不过城内有几处是不好过去的,皇城宫城那边破败久了,看着阴森森的不说,守城的宦官和兵丁规矩还大,另一处就是宝钞胡同那边,这里三条街外就是南京十八楼所在,天下第一大城最繁华的地方,可宝钞胡同以及周围两条街,从来都是冷清于净。
原因也简单,这里是南京锦衣卫官署所在,进进出出的都是番子大爷,这帮人其实也不是整天横行霸道,买东西也未必不给银子,可赶上哪天心情不好,看着个摊子在路边,上去一脚踹翻,或者心不在焉的随手拿点东西,你怎么说理,应天府怎么敢管?且不说官司没处打,哭都没处哭去
番子们也习惯了这个,真要买东西吃酒找乐子,都是换了身衣服再去,不然玩的不尽兴,有时候你穿着一身飞鱼服走过去,还没问价钱,那小贩已经带着货跑了,不然就是跪在地上磕头,满街人敢怒不敢言的看着,那滋味也不好受。
当然,争风吃醋和聚众斗殴的勾当做完,总要把腰牌掏出来,不过说句实话,在南京这等地方也未必好用,锦衣卫某千户的副千户喝多了和一个年轻人在秦淮河边上争女人,纠集了几十个番子拿着刀过去,结果被对方带着百十骑围在街心,好一顿痛打。
到第二天,那千户还要带着副千户登门磕头赔礼,这也没办法,锦衣卫虽然牛气,可和魏国公家的七公子放对,那还不够看的很。
这都是闲话,十月间,在宝钞胡同外一条街上开了家酒庄,里面卖些时鲜小菜,吃饼吃面也能做,不过最大的营生是卖酒,零卖论碗论斤,整卖论坛,有绍兴那边过来的上好黄酒,也有徐州过来的汉井烧酒。
在锦衣卫门口开店,少不得要打个招呼,应天府推官过来了一次,大家就知道这家店有根底,不是那种眼瞎的莽撞糊涂人,再顺手查查,才知道开店的这家人东家不是白身,哥哥是某年的进士,在江西做官,弟弟是前几年的年轻举人,在家经营沙船,好大家业,这也是意料之中,不然也没面子请负责南京刑名的推官出头。
这么年轻就已经是举人,又有进士出身做官的哥哥,还在洋面上有生意,一项项摆出来,番子们就知道这家人还是不碰的好,别人来这附近开店,或许觉得地价便宜?这里的确比外面便宜一半以上,没人租售的地方,不便宜也不行。
开始时候这么想,过了些日子就觉得这酒庄选在这边是生意经了,不说那黄酒,这醇烈的徐州烧酒就是不一样,这东西南京城内本就不多,这里却不断货,喝几口爽身解乏,而且大家虽然富贵惯了,到底是舞刀弄枪的武夫,喝这醇烈烧酒就是对胃口。
当差下值,来这酒庄喝几碗,晕乎乎的闲聊,惬意的很,连带其他几个千户的人,有事没事都过来转一圈。
“你这酒怎么来的?”坐在座位上一个小旗晕乎乎的问道,这小旗看着五十多岁年纪了,很是潦倒。
一名矮个子的年轻伙计陪笑着就要解释,那小旗自问自答的说道:“我们都堂正在盯着徐州,你们就来这边卖徐州烧酒,一定是探子,一定要拿问。
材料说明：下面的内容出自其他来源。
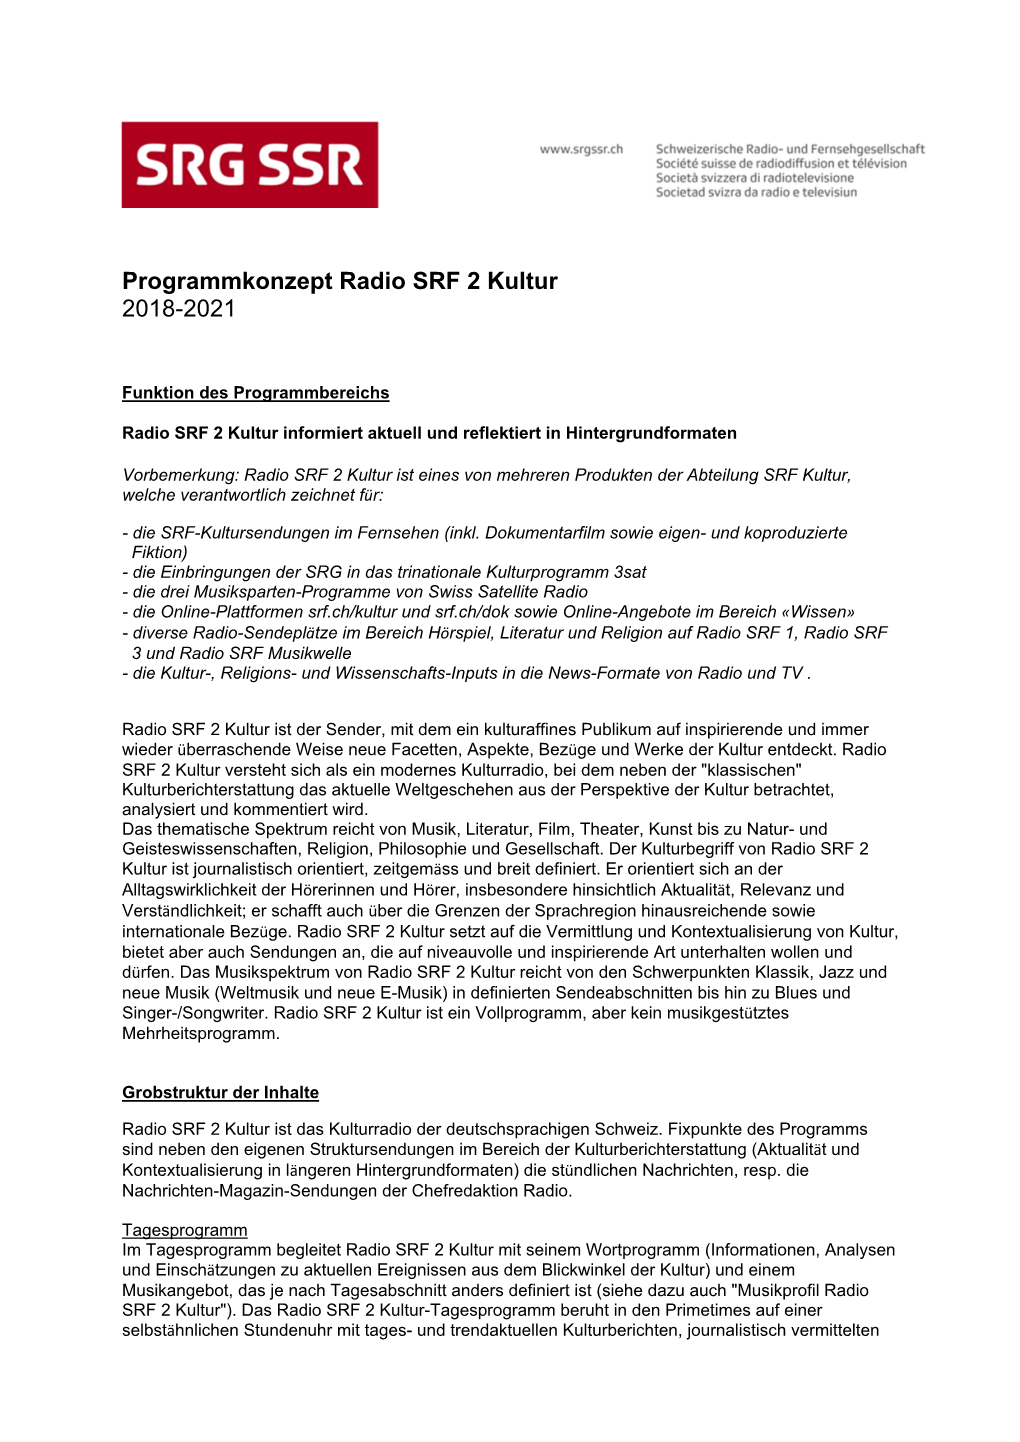 Programmkonzept Radio SRF 2 Kultur 2018-2021

”
屋子里一阵哄笑,其他几张桌子上的番子们边喝边看热闹,那小旗端起酒碗和对面的人碰了下,喝了口又是说道:“一查就知道了,你们东家去徐州卖布,赚了一笔,又贩酒过来,又赚一笔,而这南京城里,能喝得起这酒,又愿意喝这个的,也就是咱们这边了,是不是?”
“老张,你喝多了就念叨这个啊,这都说几遍了”边上有人起哄,大家又是笑。
“徐国公家和几位大挡标营那边你们敢卖吗?那些苦哈哈的卫军有钱买吗?应天府和兵马司那群怂包喝得惯吗?还不是咱们锦衣亲军的人喜欢,你们那个东家啊,年纪不大,眼睛却毒,将来肯定发达。”这张小旗含含糊糊的说道,醉意盎然。
伙计连忙又送过去一壶,这张小旗眉开眼笑的接过,边上颇有几个锦衣卫撇嘴不屑,在那里探头低声议论:“为了白喝这一壶酒,天天说这么几句话奉承。”
“你听说没有,马瘸子这几天不在南京。”
“小声点,在这里这么叫,传出去就死定了。”
“说是去江北见什么人你们别看我,去伺候的人听到的,他和马六说”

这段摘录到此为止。